Thereto gave answer Volker: / "So much natheless must be, That they do learn full certain / how I the knaves did see, That the men of Kriemhild / hereafter not deny What they had wrought full gladly / here with foulest treachery."
Straightway then unto them / aloud did Volker call: "How go ye thus in armor, / ye valiant warriors all? Or forth, perchance, a-robbing, / Kriemhild's men, go ye? Myself and my companion / shall ye then have for company."
Thereto no man gave answer. / Wrathful grew his mood: "Fie, ye caitiff villains," / spake the hero good, "Would ye us so foully / have murdered while we slept? With knights so high in honor / full seldom thus hath faith been kept."
Then unto Queen Kriemhild / were the tidings borne, How her men did fail their purpose: / 'twas cause for her to mourn. Yet otherwise she wrought it, / for grim she was of mood: Anon through her must perish / full many a valorous knight and good.
How they went to Mass
"So cool doth grow my armor," / Volker made remark, "I ween but little longer / will endure the dark. By the air do I perceive it, / that soon will break the day." Then waked they many a warrior / who still in deepest slumber lay.

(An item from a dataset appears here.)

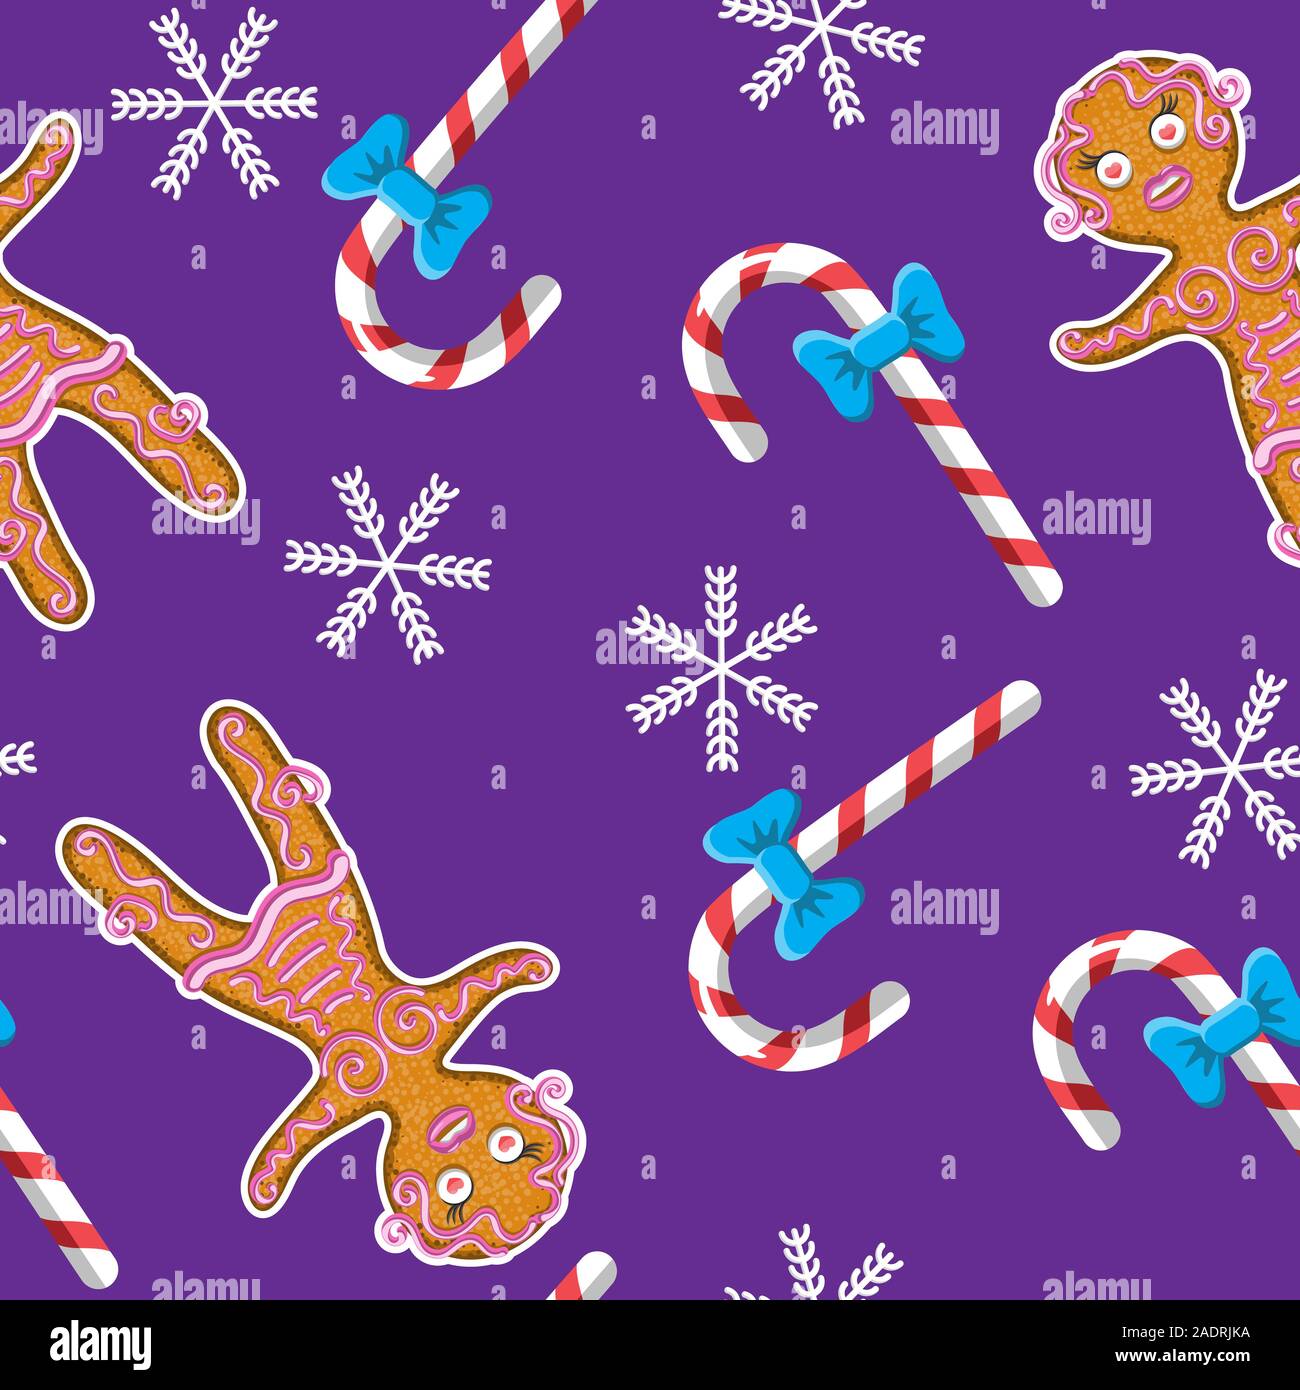 Seamless background with gingerbread man and candy snowflake on purple background. Vector image. Stock Vector

When brake the light of morning / athwart the spacious hall, Hagen gan awaken / the stranger warriors all, If that they to the minster / would go to holy mass. After the Christian custom, / of bells a mickle ringing was.
There sang they all uneven, / that plainly might ye see How Christian men and heathen / did not full well agree. Each one of Gunther's warriors / would hear the service sung, So were they all together / up from their night-couches sprung.
Then did the warriors lace them / in so goodly dress, That never heroes any, / that king did e'er possess, More richly stood attired; / that Hagen grieved to see. Quoth he: "Ye knights, far other / here must your attire be.
"Yea, know among you many / how here the case doth stand. Bear ye instead of roses / your good swords in hand, For chaplets all bejewelled / your glancing helmets good, Since we have well perceived / how is the angry Kriemhild's mood.
"To-day must we do battle, / that will I now declare. Instead of silken tunic / shall ye good hauberks wear, And for embroidered mantle / a trusty shield and wide, That ye may well defend you, / if ye must others' anger bide.
"My masters well beloved, / knights and kinsmen true, 'Tis meet that ye betake you / unto the minster too, That God do not forsake you / in peril and in need, For certain now I make you / that death is nigh to us indeed.
"Forget ye not whatever / wrong ye e'er have done, But there 'fore God right meekly / all your errors own; Thereto would I advise you, / ye knights of high degree, For God alone in heaven / may will that other mass ye see."
Thus went they to the minster, / the princes and their men. Within the holy churchyard / bade them Hagen then Stand all still together / that they part not at all. Quoth he: "Knows not any / what may at hands of Huns befall.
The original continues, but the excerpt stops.